Subjective evaluation of images

In Test groups 1 and 2, median subjective image quality ratings for CI, Gen-VMI40keV, and VMI40keV were 4, 5, and 5, respectively. The overall differences among groups were statistically significant (P < 0.01). Intra-group comparisons revealed that both Gen-VMI40keV and VMI40keV had significantly higher image quality compared with CI (P < 0.01), with no statistically significant difference between Gen-VMI40keV and VMI40keV. In the Test group 3, statistically significant differences (P < 0.01) were found in image quality indexes between Gen-VMI40keV and CI (Table 4).
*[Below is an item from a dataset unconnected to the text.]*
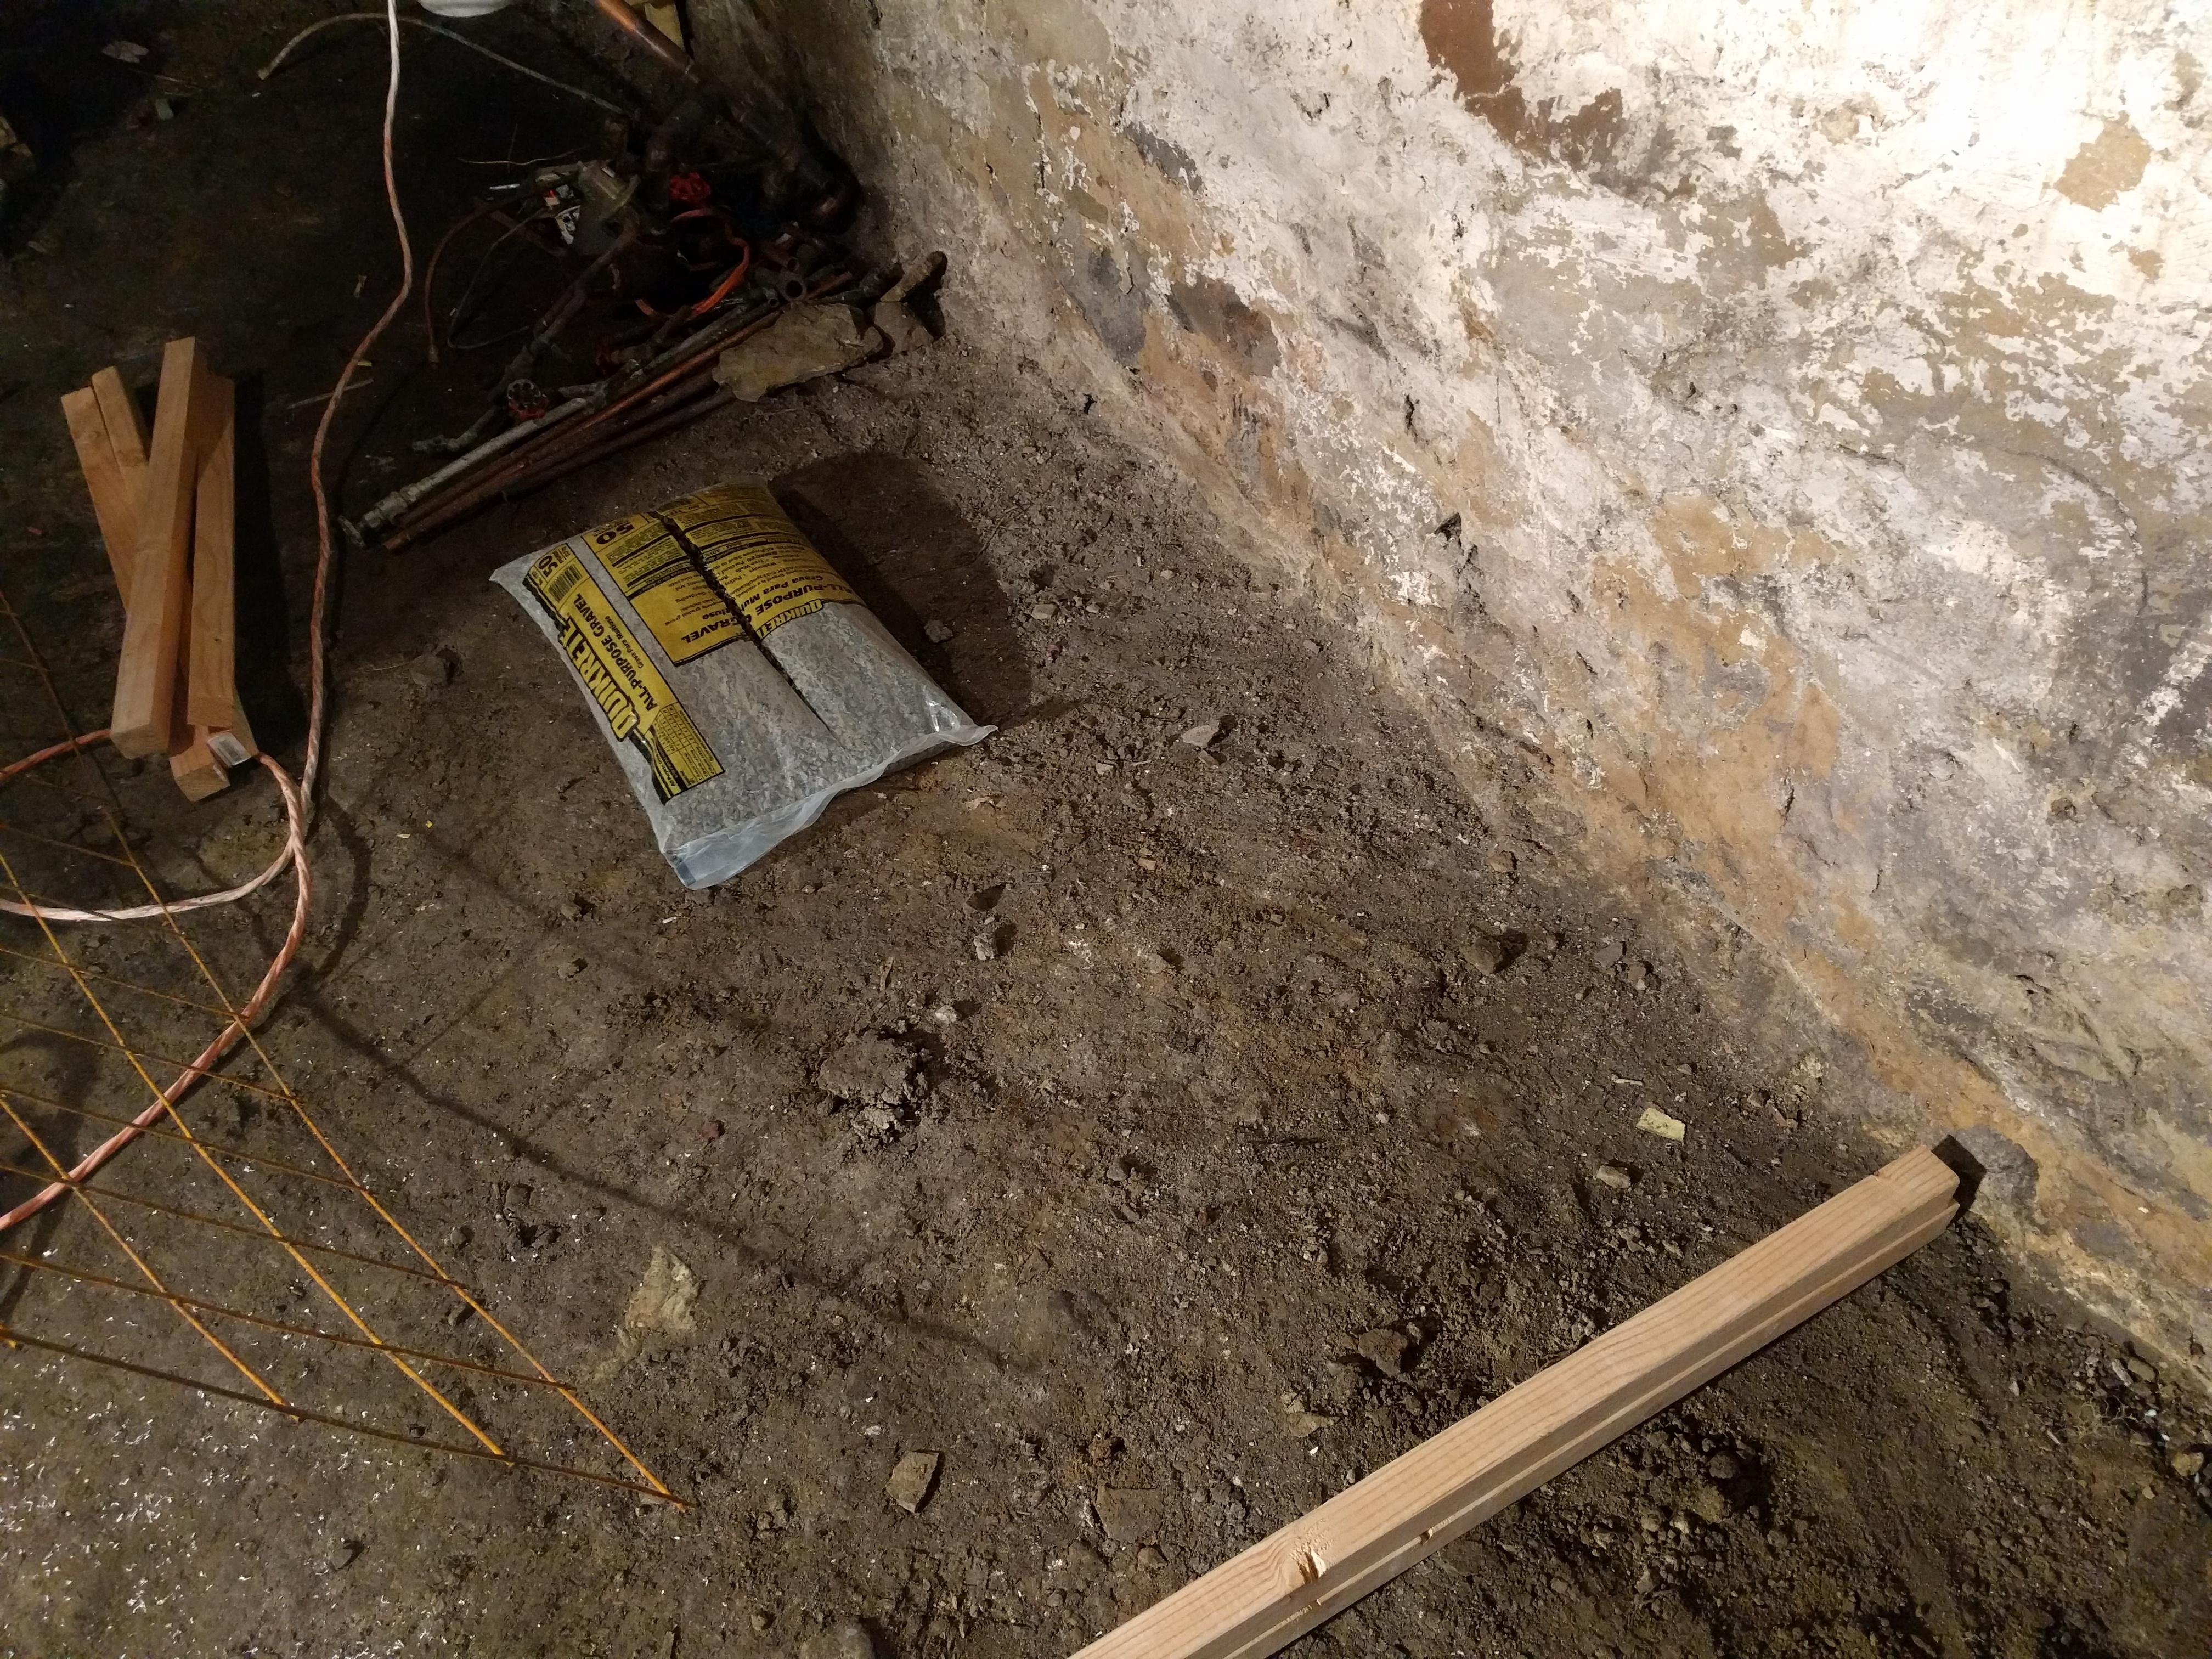 Pour Concrete Over Dirt Basement Floor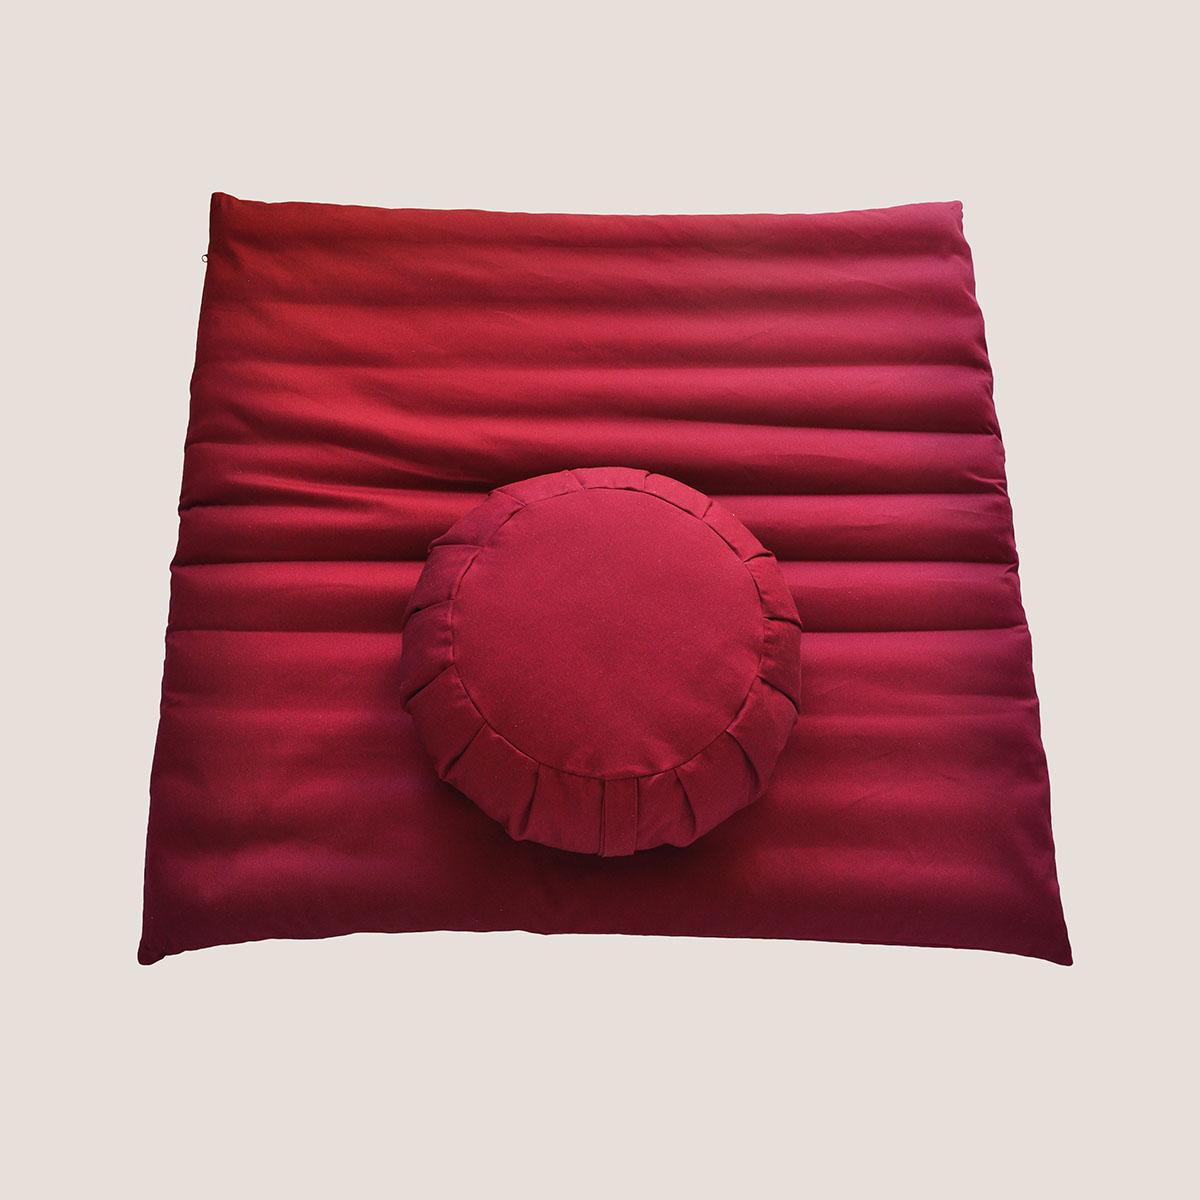 Zafu and Zabuton Meditation Cushion Set  Eco Health Lab

Table 4 Comparison of subjective scoring of CI, VMI40keV and Gen-VMI40keV in Test group-1, 2&3[M(Q1, Q3)]

Discussion

In recent years, it was demonstrated that jointly training of the generator and discriminator may improve tasks such as image synthesis and cross-mode image transformation in medical imaging [31,32,33]. The present study confirms the feasibility of medical image synthesis. In this study, Gen-VMI40keV generated from CI by CI-VMI40keV model were similar to VMI40keV acquired from DECT. This corroborates Yoshinori Funama et al., who conducted a similar study on generating pseudo low-monoenergetic CT images of the abdomen from 120-kVp CT images using cGAN [34]. MAE, PSNR, and SSIM were employed to compare Gen-VMI40keV and VMI40keV in this study. These three metrics are commonly used for image quality assessment in the field of image processing, and may help measure the similarity between Gen-VMI40keV and VMI40keV, with SSIM showing a correlation with the perceived quality within the context of the human visual system [35,36,37]. The results revealed that all models achieved PSNR and SSIM values above 40 and 0.98, respectively, in the validation dataset. This indicates that the models, after a certain number of training steps, produced Gen-VMI40keV in the validation dataset with a high degree of similarity to VMI40keV in terms of CT value, noise distribution, and anatomical structure. Subsequently, we selected the step model from all models reaching the 192nd step, with the lowest MAE and the highest PSNR and SSIM values, for further evaluation in the test groups. In this study, the PSNR and SSIM results we have achieved demonstrate a superior performance level. This discrepancy may be attributed to our utilization of an image resolution of 512*512 and an augmentation in the depth of the generator network in CI-VMI40keV model to accommodate images with a resolution of 512*512. Compared with previous reports [29, 34], the current model was further validated using external test groups (with and without lesions) and CT values were compared between Gen-VMI40keV and original VMI40keV generated from a spectral CT scanner.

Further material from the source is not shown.